3) L’ABDOMEN, quant à lui, chez les vertébrés, n’est protégé ni par une boîte, ni par une cage; c’est pourquoi, lorsque la loi, dans la tête, et la foi, dans le cœur, ne font pas leur travail, toutes les forces du ventre et du bas-ventre (appétits sexuels et matériels, donc de plaisir et de profit) se déchaînent, toutes les convoitises s’expriment tyranniquement.
Parce qu’il manque de foi (squelette intérieur), l’homme doit inventer des règlements, des lois, des structures –, sans lesquels il n’est qu’un mollusque, parce qu’il n’a pas intégré la loi–, mais qui finissent par l’étouffer.
Nous attendons donc l’avènement des « homme-vertébrés », plus sages et plus résistants, capables de traverser les épreuves inévitables en ce monde, protégés par une colonne vertébrale spirituelle, à moins que le laxisme et le conformisme ambiants, tels un acide corrosif, ne la dissolvent. Le risque est alors de se faire mollusque ou Tortue incapable de vaincre le Lièvre à la course.

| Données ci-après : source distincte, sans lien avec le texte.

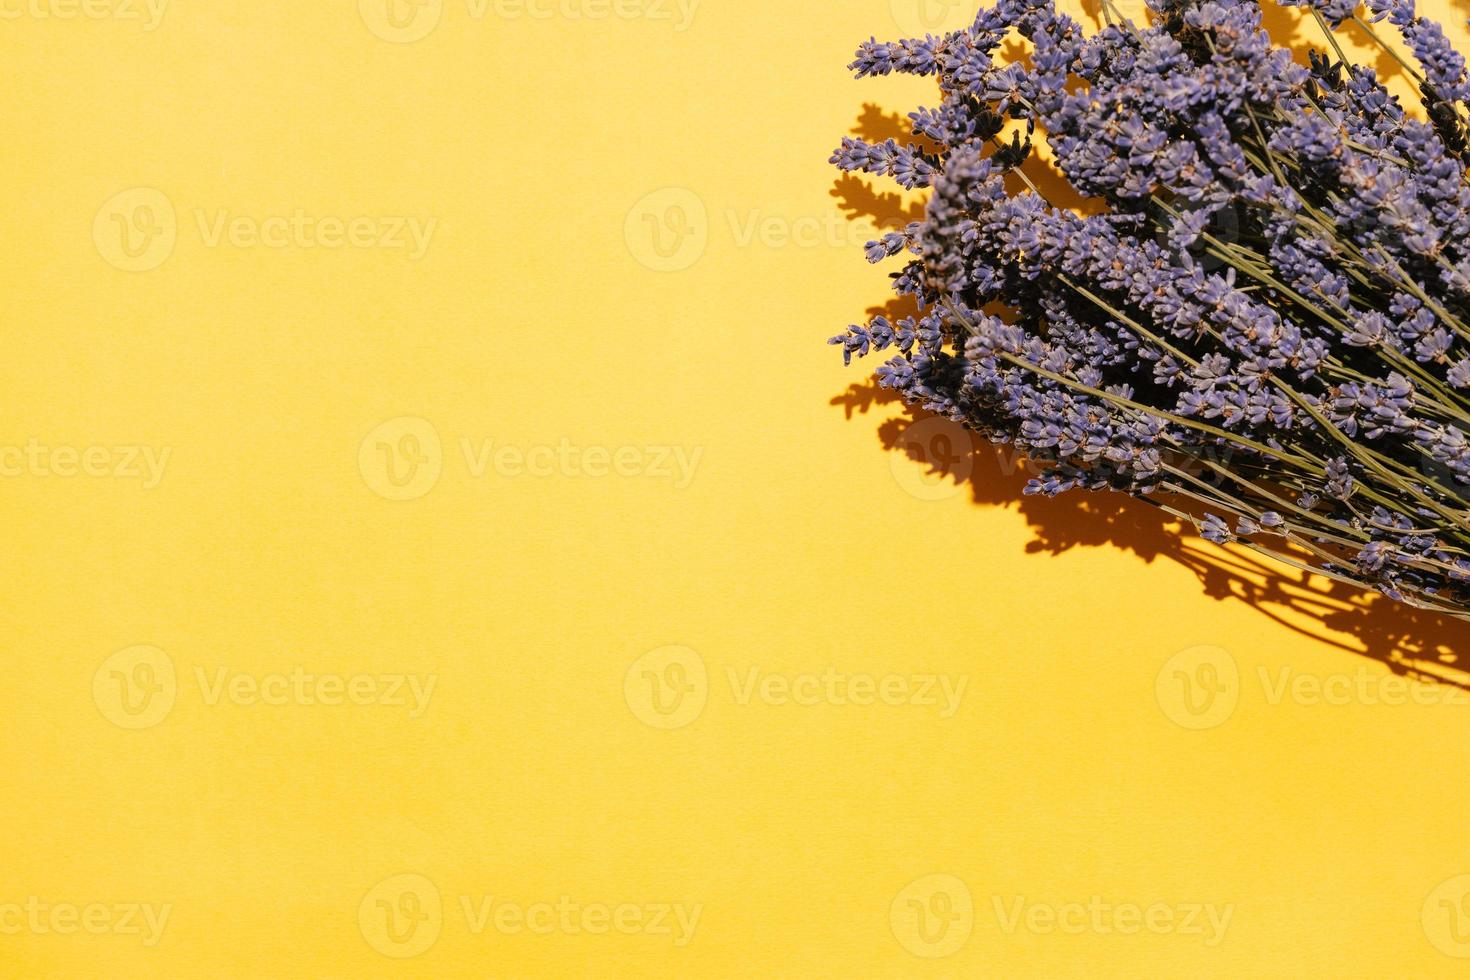 Dry Lavender bundle on yellow background photo

L’homme est appelé à conquérir sa liberté, non comme un crustacé qui rêverait de se débarrasser de sa coquille semblable une prison, mais en consolidant peu à peu sa colonne vertébrale spirituelle afin de combiner le maximum de souplesse avec le maximum de fermeté. La liberté des vertébrés n’est-elle pas bien plus grande que celle des invertébrés ?

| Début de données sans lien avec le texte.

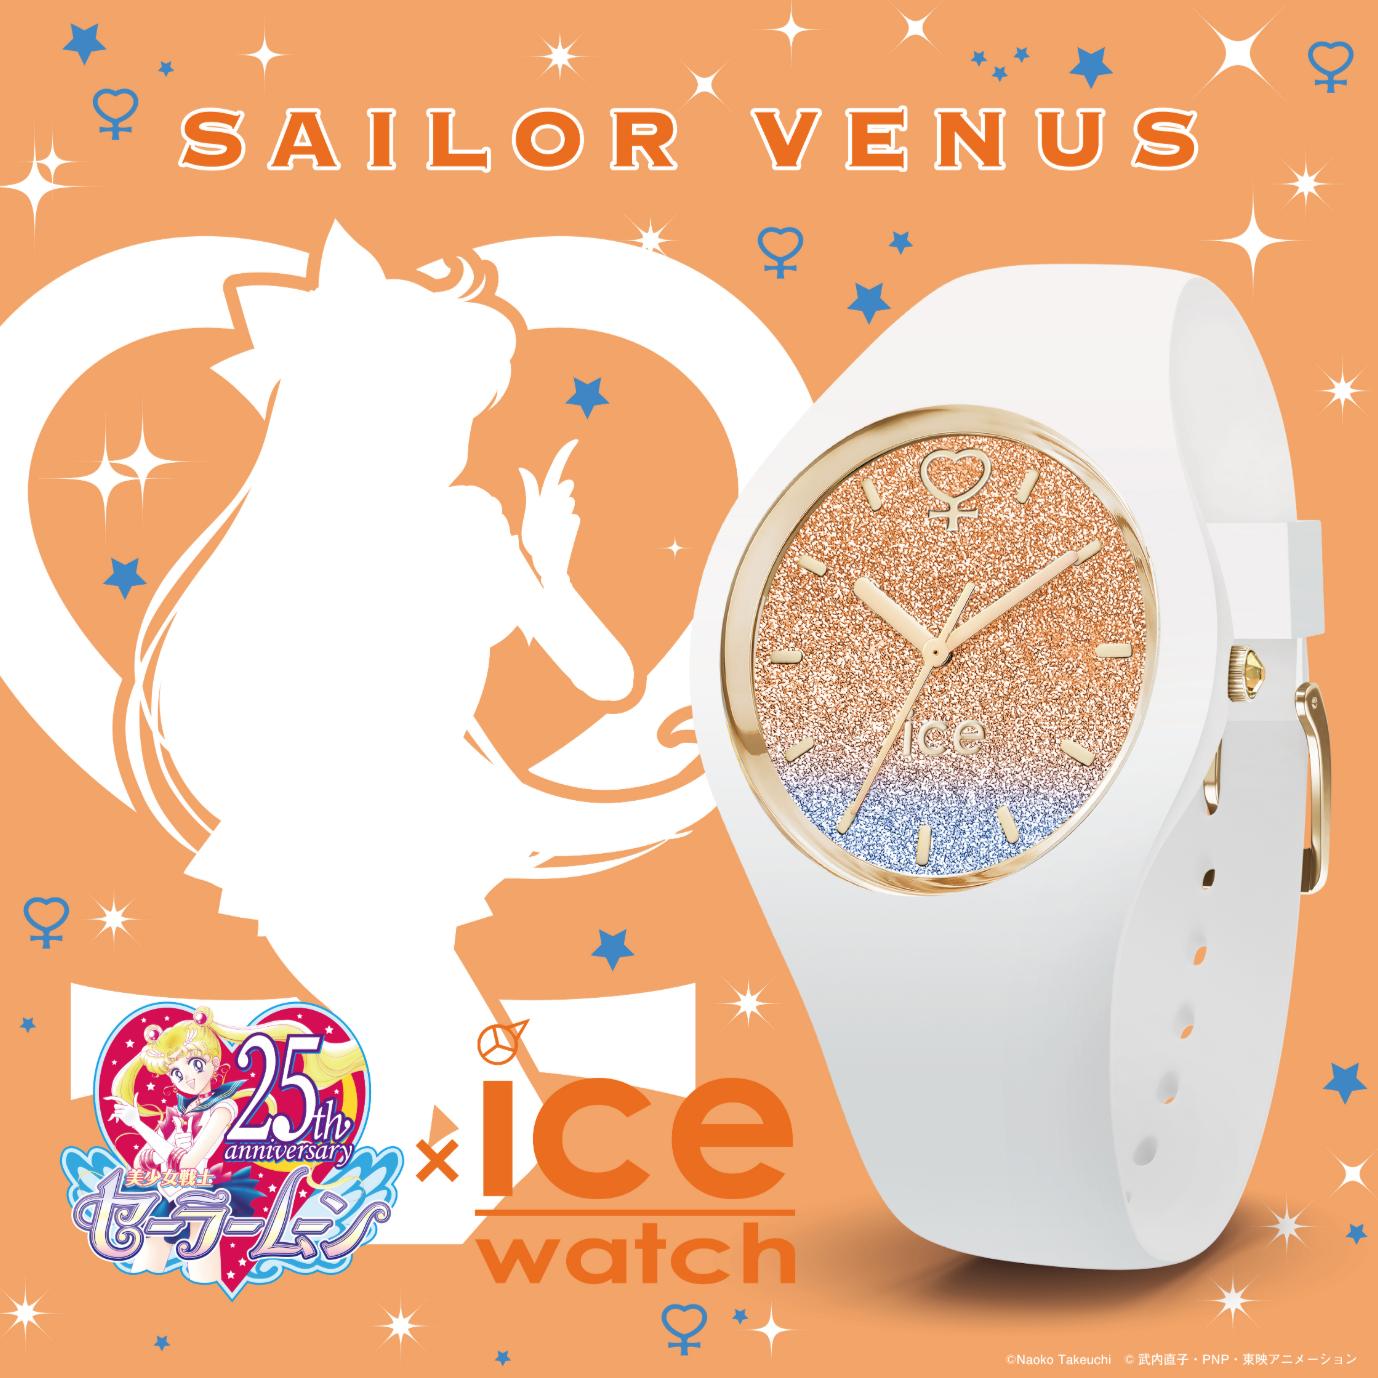 Sailor Moon Ice Watch Collaboration - Sailor Venus

Mais lorsque le crâne est « fêlé », il n’empêche plus la pensée bouillonnante de s’évaporer. Par le scepticisme et l’incrédulité, le thorax semble être devenu une armure, un gilet pare-balles contre la peur, empêchant la foi de rayonner. Alors, seuls le VENTRE et le BAS-VENTRE (relâchement de tous les sphincters), qui ne sont protégés par aucun bouclier naturel, imposent leurs exigences démesurées et rendent nécessaires des sanctions et des représailles de la part de la nature et de la société.
Tant qu’il n’est pas assez mûr, assez adulte, l’homme est soumis à son milieu naturel, à son milieu familial, social, professionnel, d’abord comme un mollusque, puis comme un crustacé, et parfois cette soumission ne contredit pas ses intérêts personnels.

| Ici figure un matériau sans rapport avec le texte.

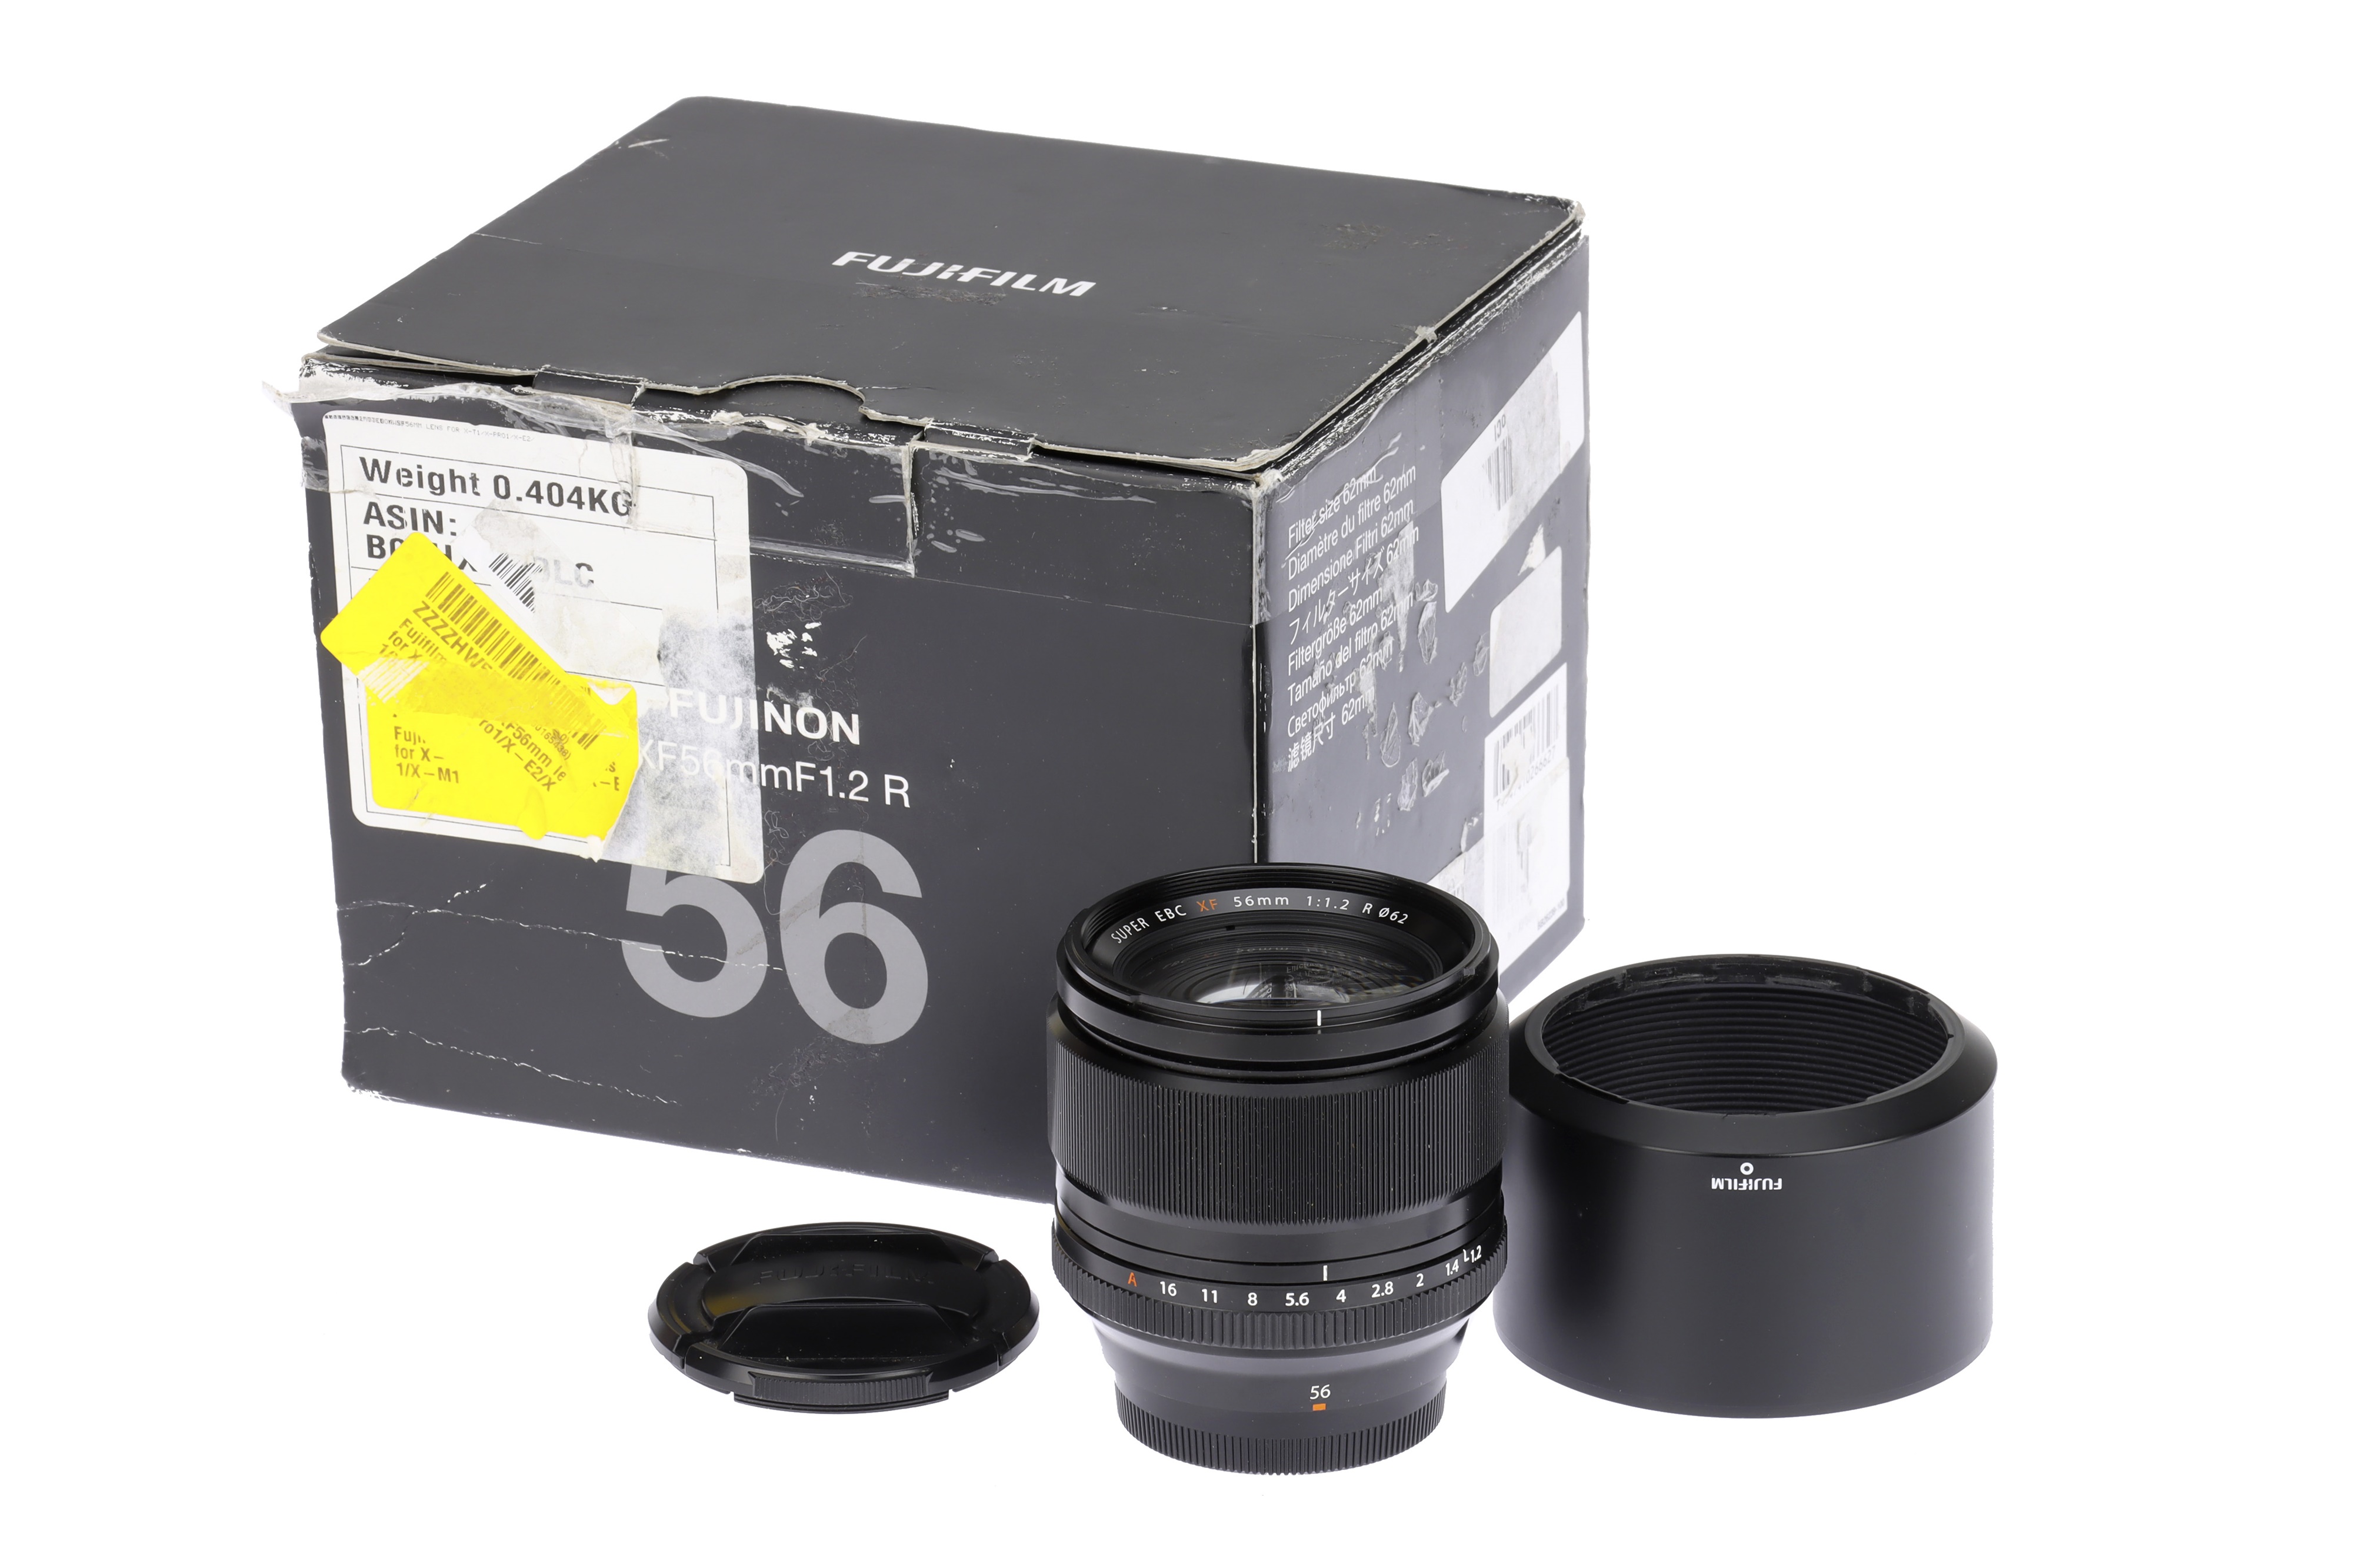 A Fujifilm Fujinon Super EBC XF f/1.2R 56mm Aspherical Lens

Dans une deuxième étape, il commence à acquérir une certaine puissance, sur les choses, sur les autres ; le danger qui surgit ici est celui d’abuser de cette puissance, qui d’ailleurs finit, tôt ou tard, par se retourner contre lui : on récolte ce qu’on a semé. Tourner la loi à son profit n’est pas illégitime, à condition que ce profit ne soit pas à court terme seulement et ne soit pas nuisible aux autres.
Mais tant que la loi morale lui semble s’imposer de l’extérieur, il ne l’a pas encore comprise : ne lui faut-il pas accomplir àl’intérieur de lui-même ce que la nature accomplit àl’extérieur, dans la diversité des espèces ?
CONCLUSION
L’évolution spirituelle de la personne rencontre donc des analogies parmi les êtres vivants typiques. Mais voilà… l’humour divin nous révèle des espèces qui font éclater nos classifications. C’est le cas avec la découverte des « éponges de verre ».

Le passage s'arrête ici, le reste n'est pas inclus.